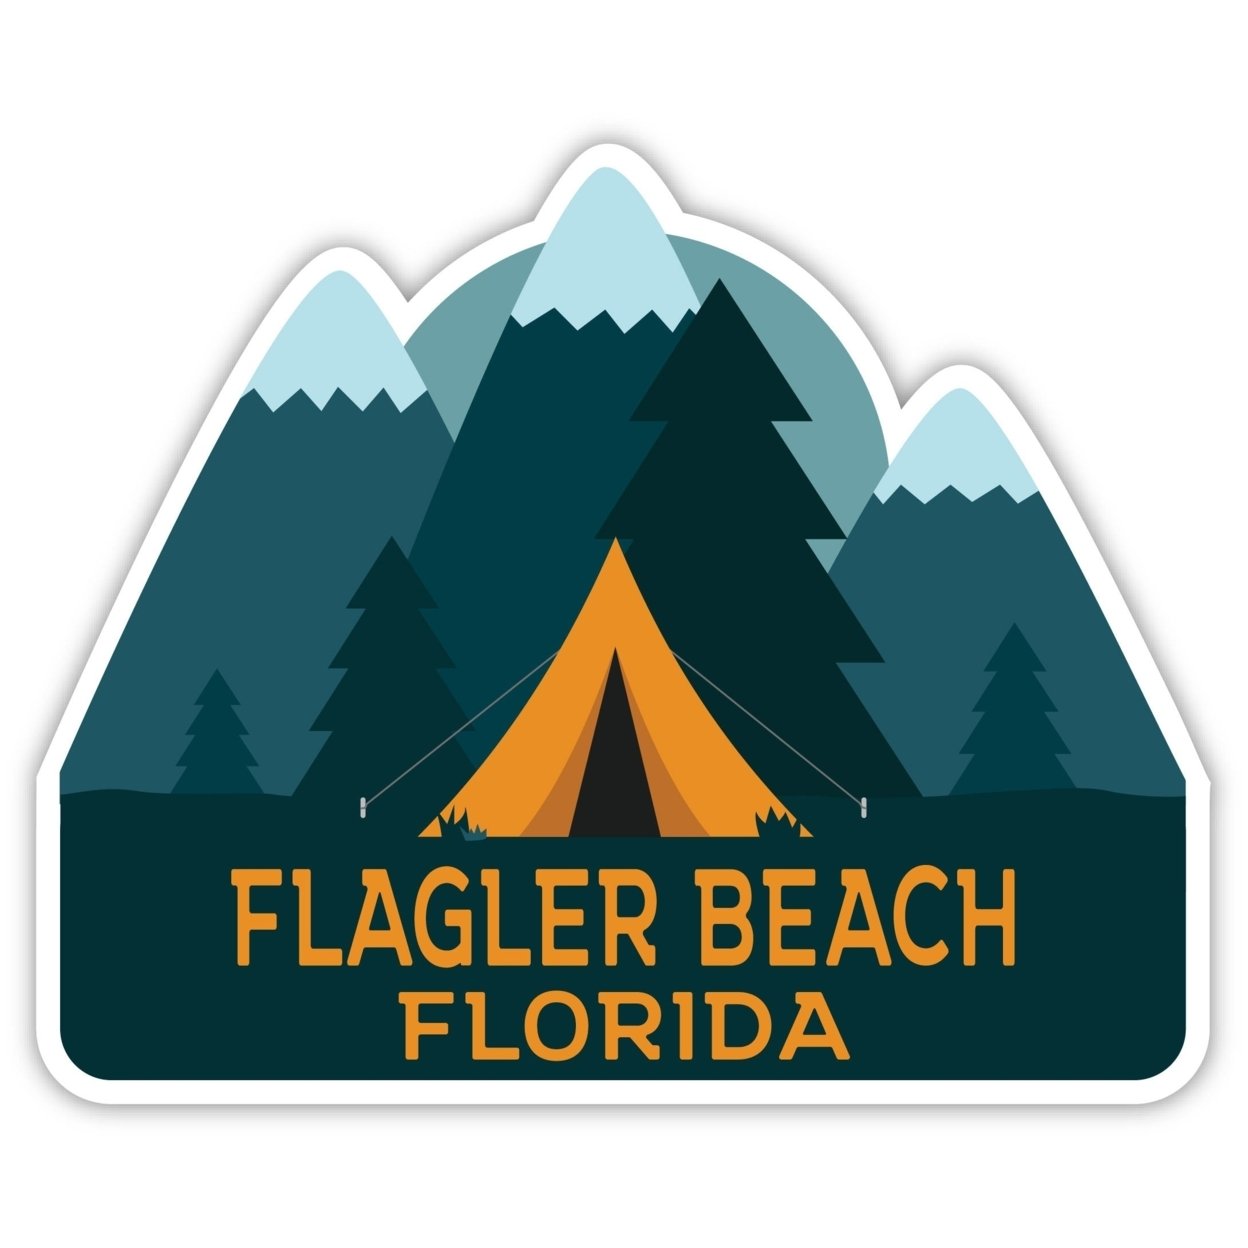 Flagler Beach Florida Souvenir Decorative Stickers (Choose Theme And Size) - 4-Pack, 4-Inch, Tent
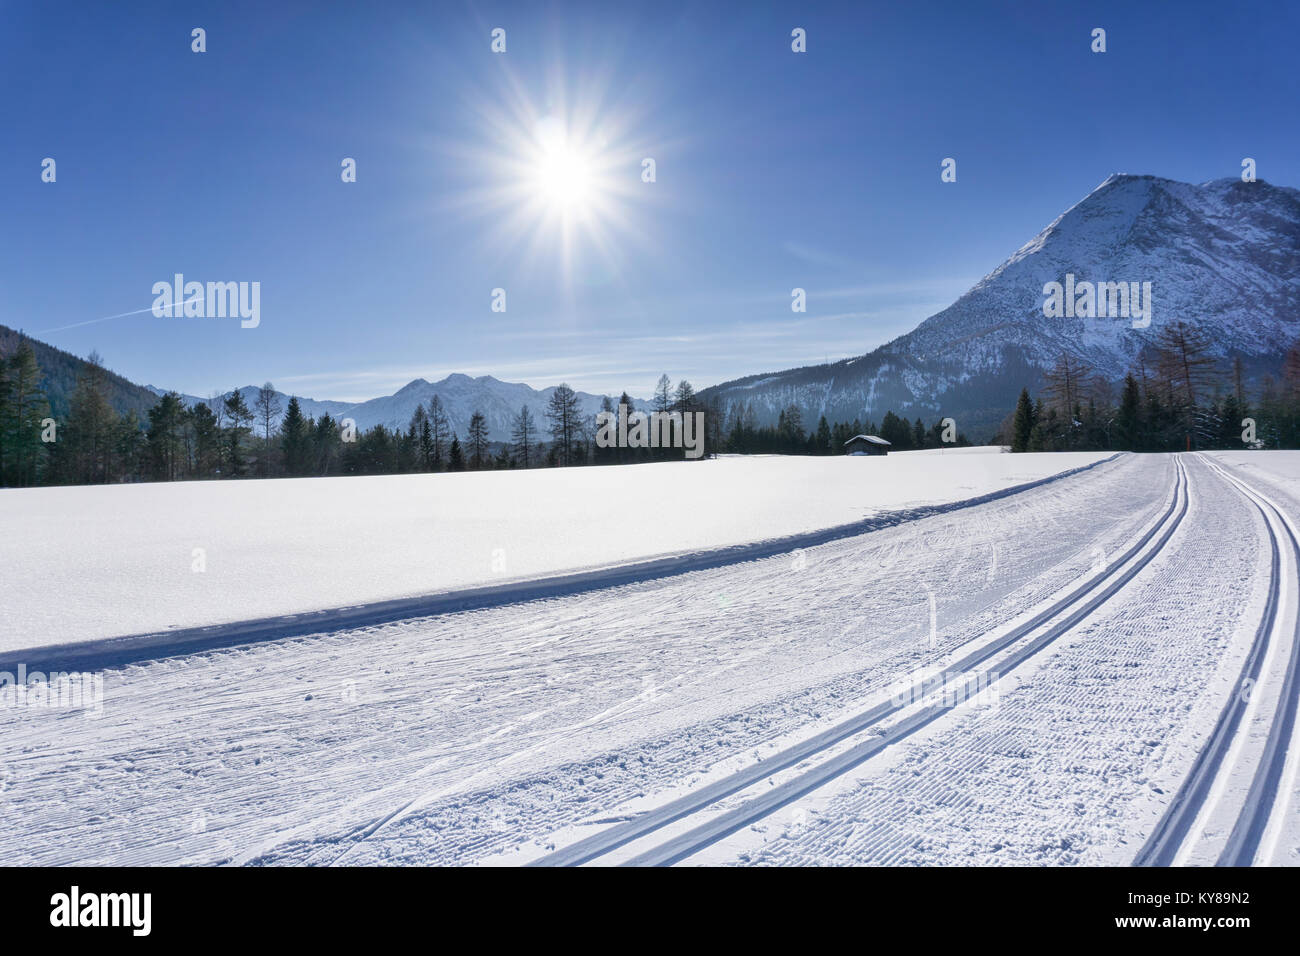 Winter mountain landscape with groomed ski track and blue sky in sunny day. Tirol, Alps, Austria. Stock Photo
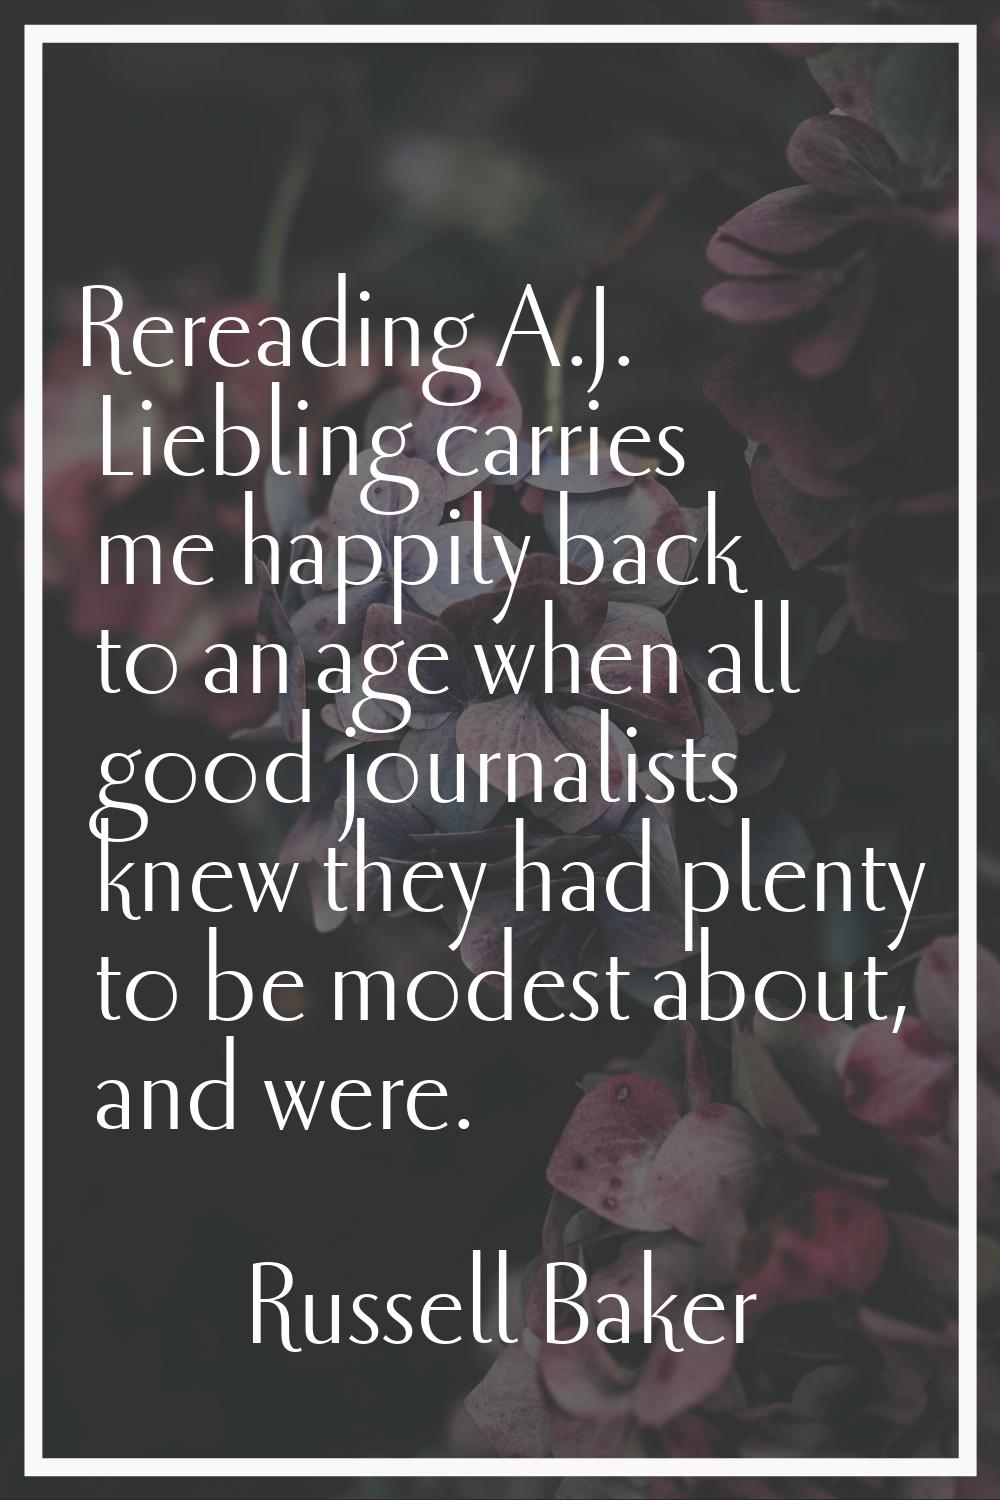 Rereading A.J. Liebling carries me happily back to an age when all good journalists knew they had p
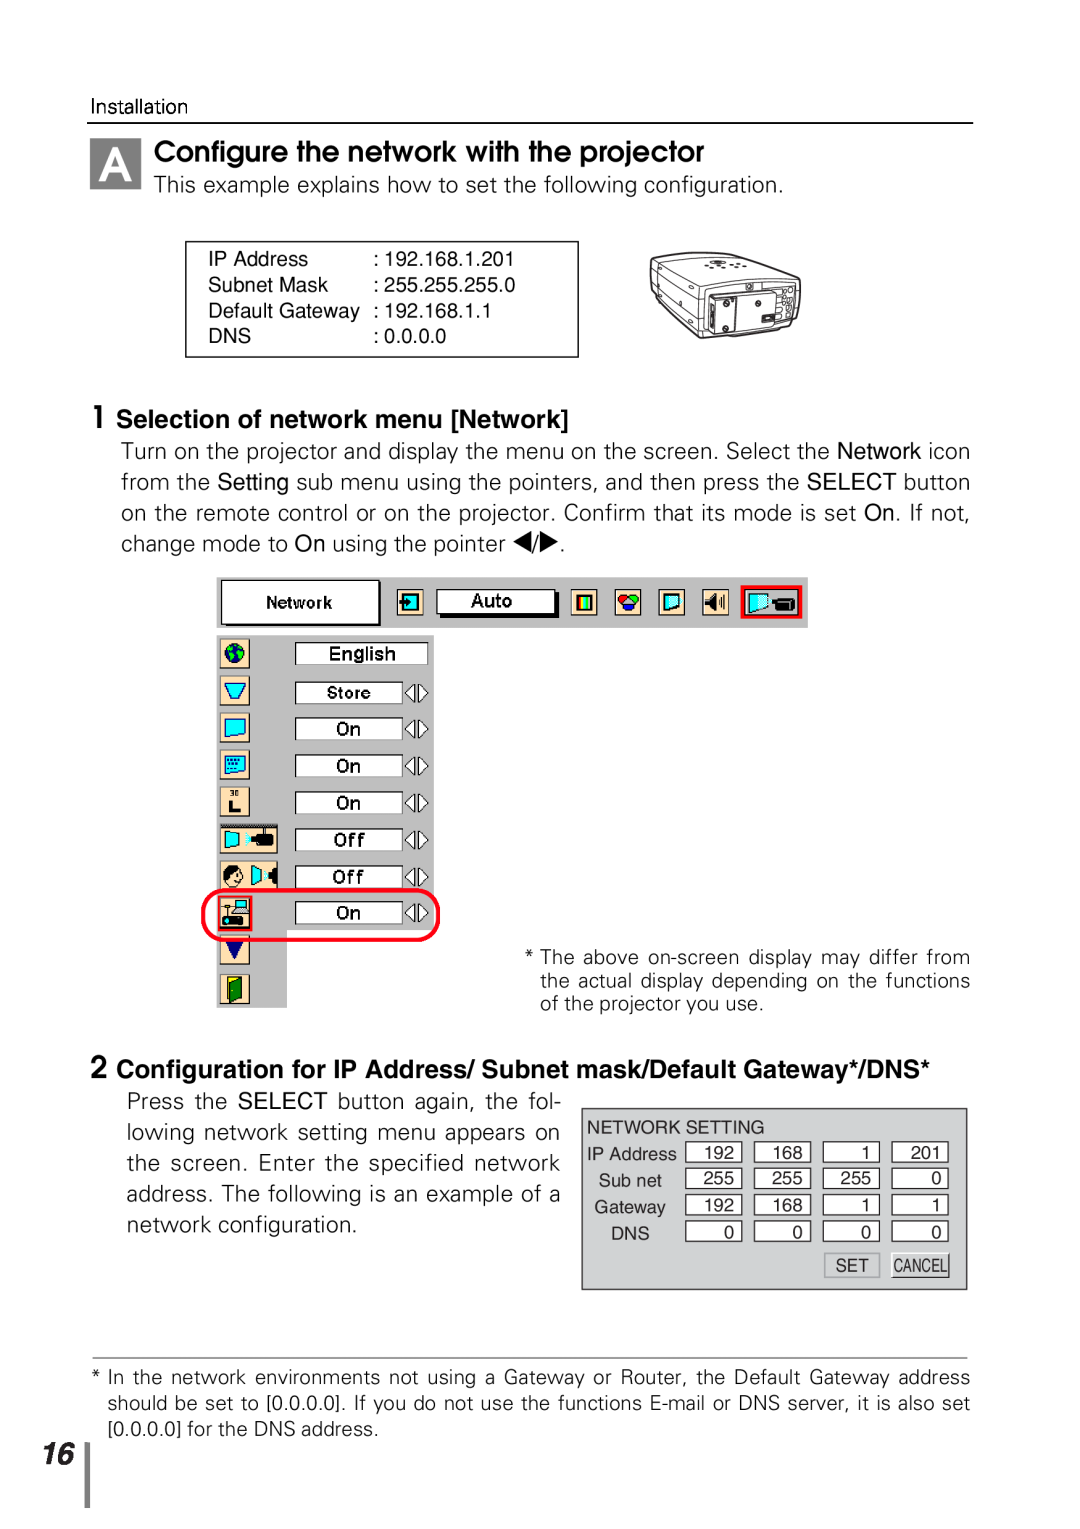 Sanyo POA-PN10 owner manual Configure the network with the projector, Selection of network menu Network

● Exercise goal: Without including any pictures, copy every line above exactly.

● Solution below:
 Flagler Beach Florida Souvenir Decorative Stickers (Choose Theme And Size) - 4-Pack, 4-Inch, Tent
 Winter mountain landscape with groomed ski track and blue sky in sunny day. Tirol, Alps, Austria. Stock Photo
 Rereading A.J. Liebling carries me happily back to an age when all good journalists knew they had p
 Sanyo POA-PN10 owner manual Configure the network with the projector, Selection of network menu Network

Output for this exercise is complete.